§ Task
Output the full listing below exactly as it reads, and skip anything that is a picture.
##### Given data
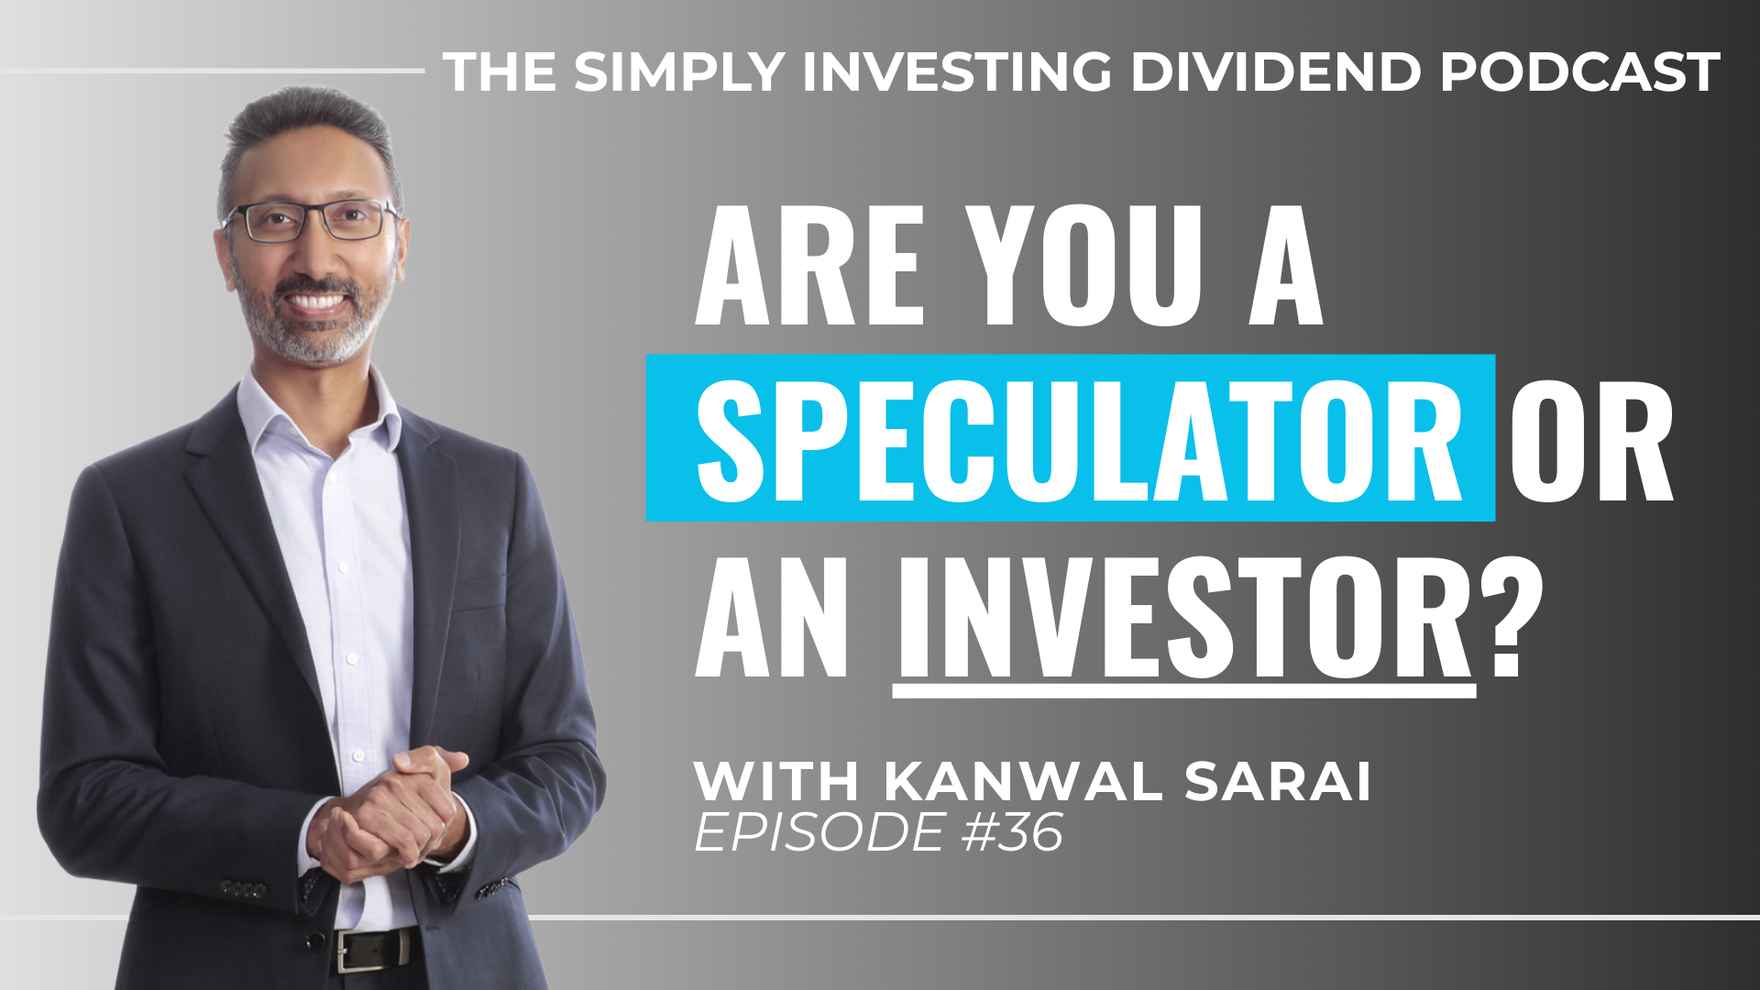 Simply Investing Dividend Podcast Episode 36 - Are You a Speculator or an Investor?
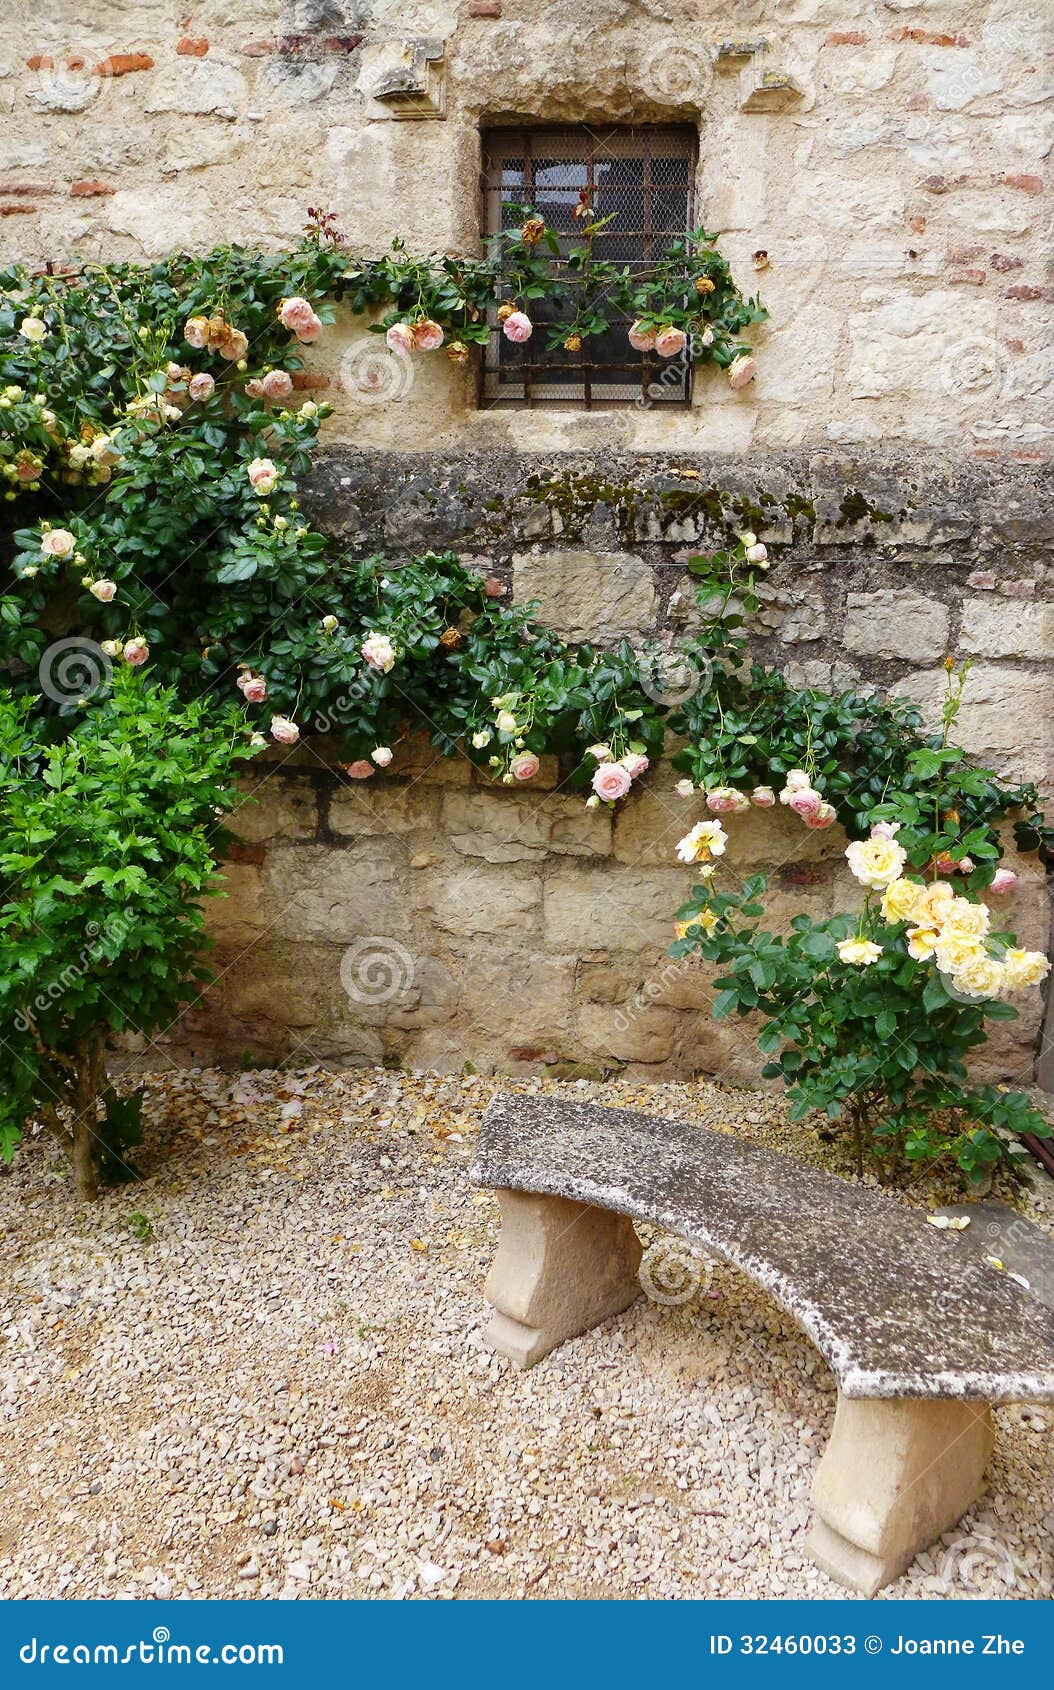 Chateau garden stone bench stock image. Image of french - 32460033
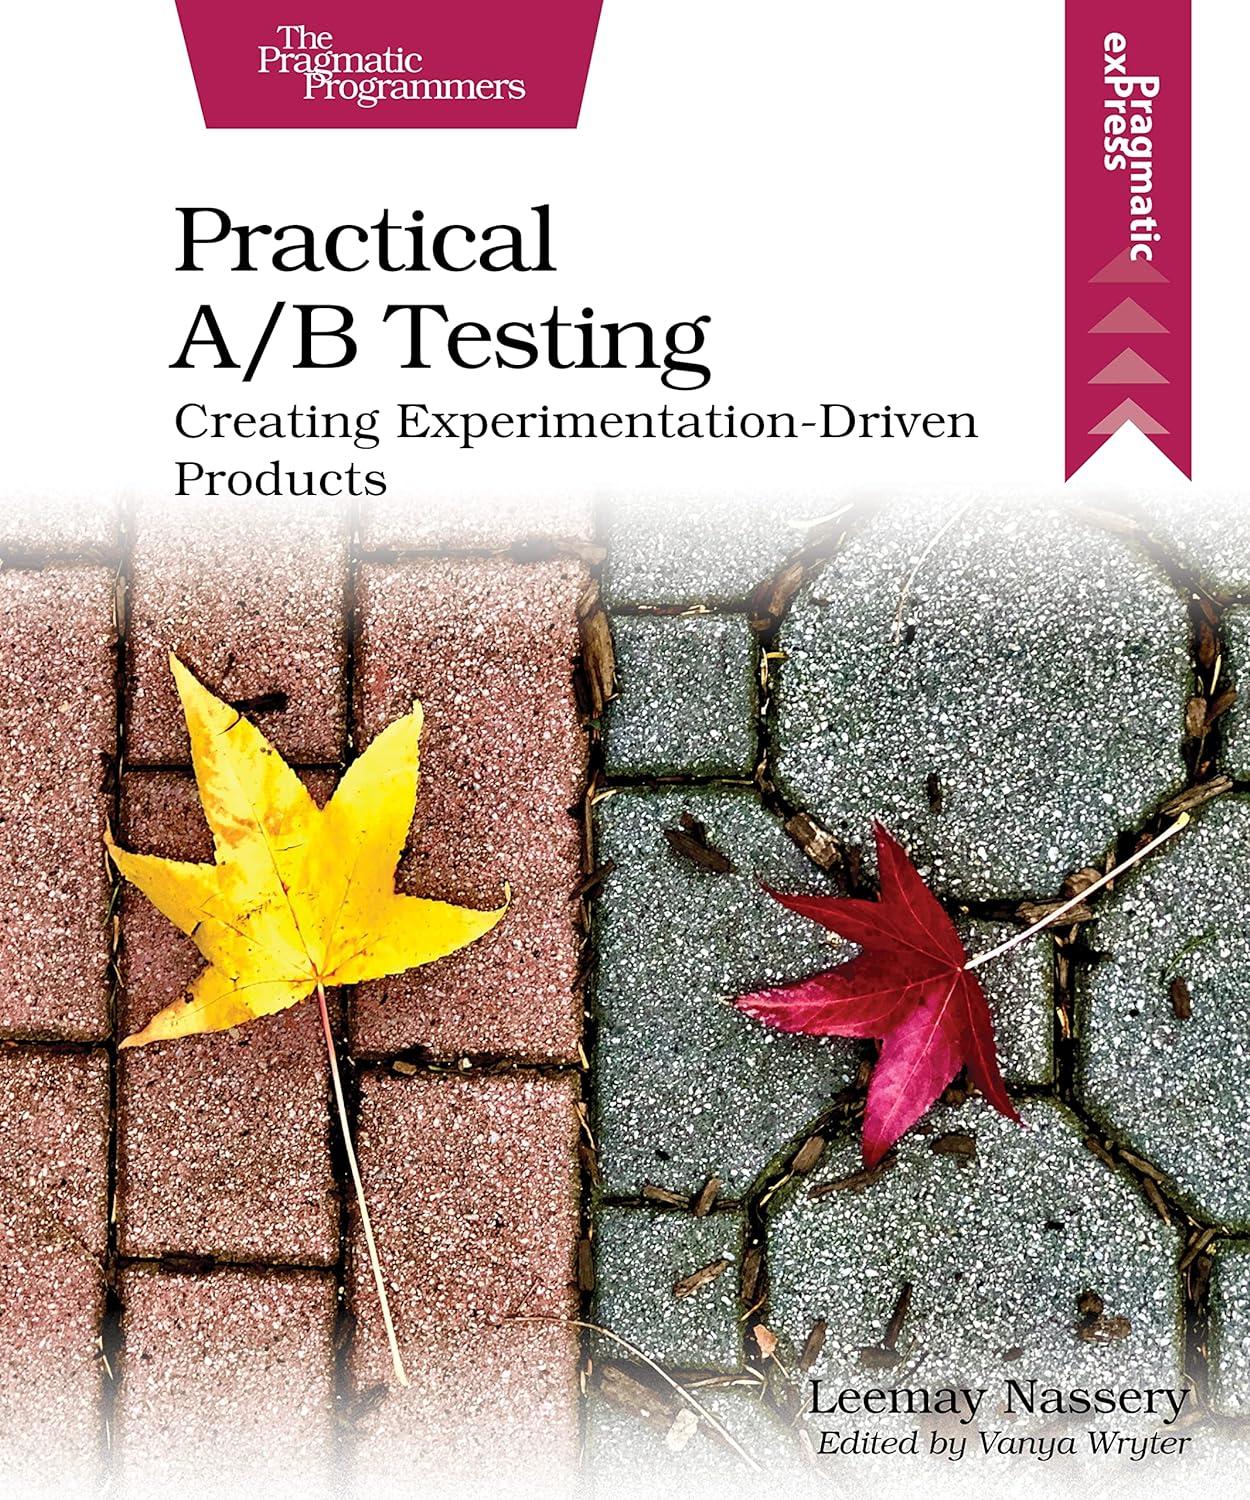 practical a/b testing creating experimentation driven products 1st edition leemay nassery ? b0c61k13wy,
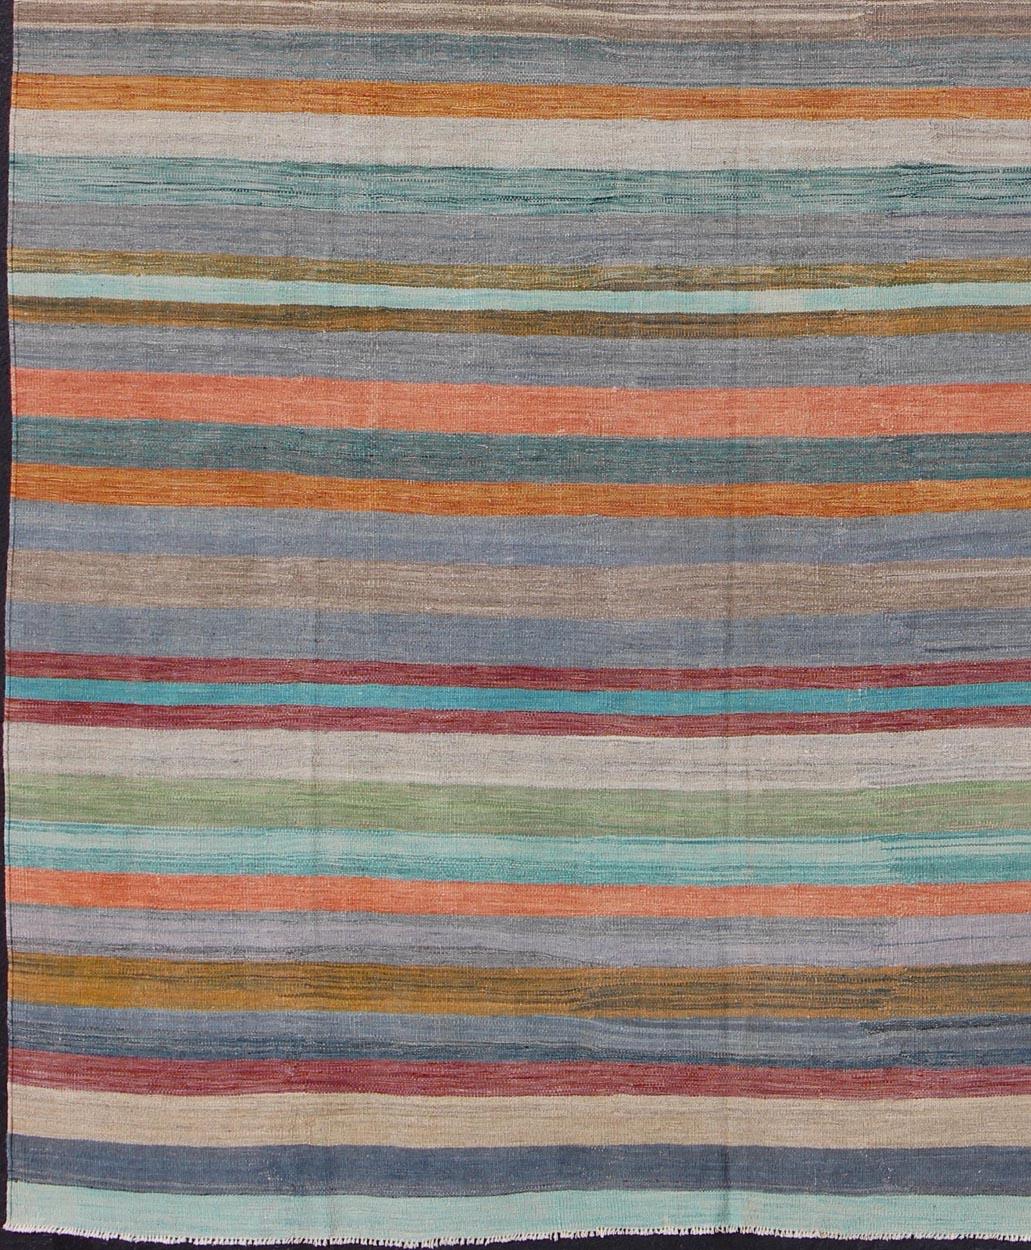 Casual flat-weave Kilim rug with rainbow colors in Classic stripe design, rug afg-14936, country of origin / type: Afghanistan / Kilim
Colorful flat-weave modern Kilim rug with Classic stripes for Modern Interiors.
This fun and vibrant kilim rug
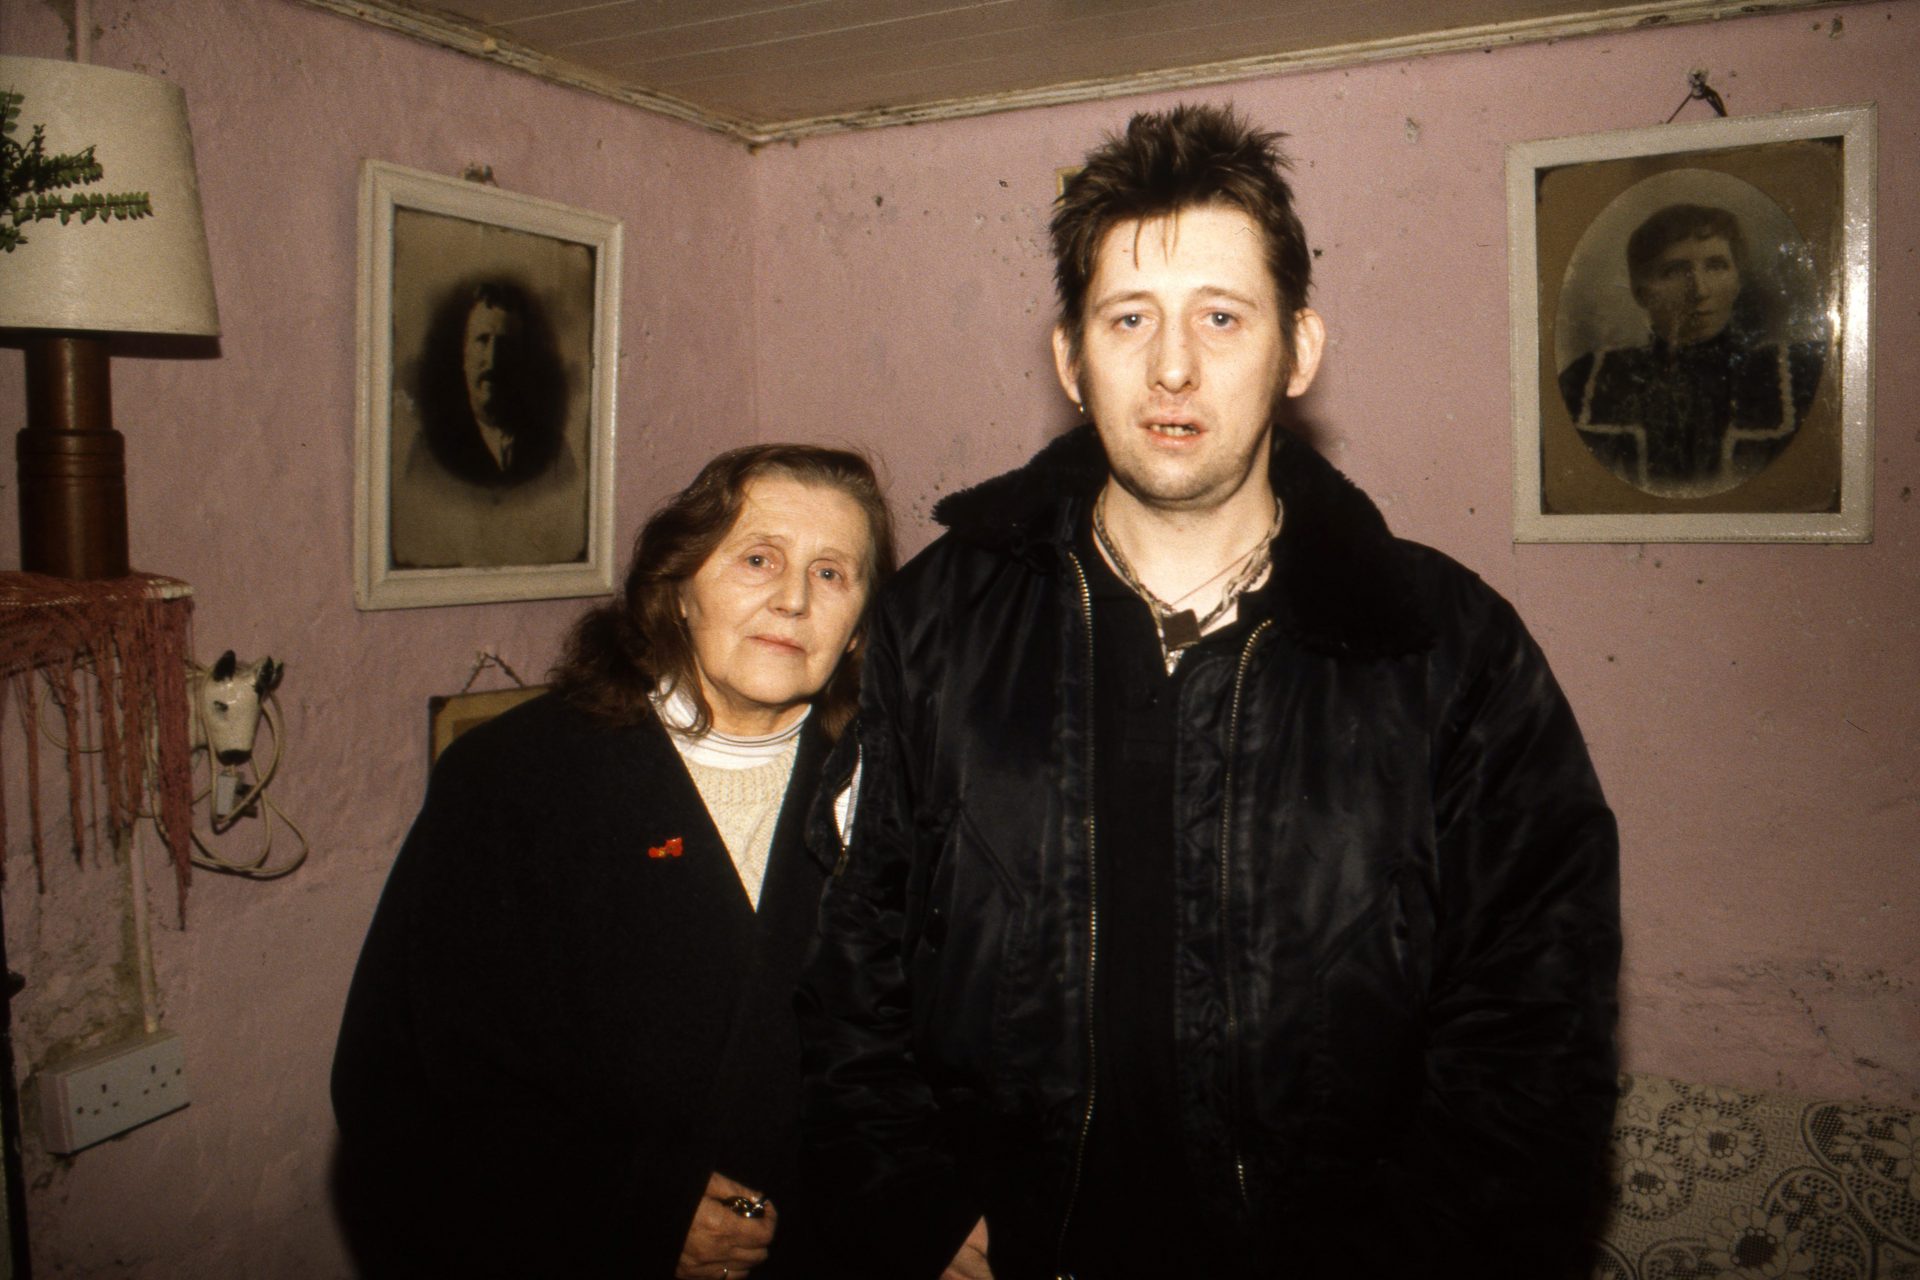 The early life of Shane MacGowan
##########
§ Output for this exercise
 Simply Investing Dividend Podcast Episode 36 - Are You a Speculator or an Investor?
 Chateau garden stone bench stock image. Image of french - 32460033
 practical a/b testing creating experimentation driven products 1st edition leemay nassery ? b0c61k13wy,
 Casual flat-weave Kilim rug with rainbow colors in Classic stripe design, rug afg-14936, country of origin / type: Afghanistan / Kilim
Colorful flat-weave modern Kilim rug with Classic stripes for Modern Interiors.
This fun and vibrant kilim rug
 The early life of Shane MacGowan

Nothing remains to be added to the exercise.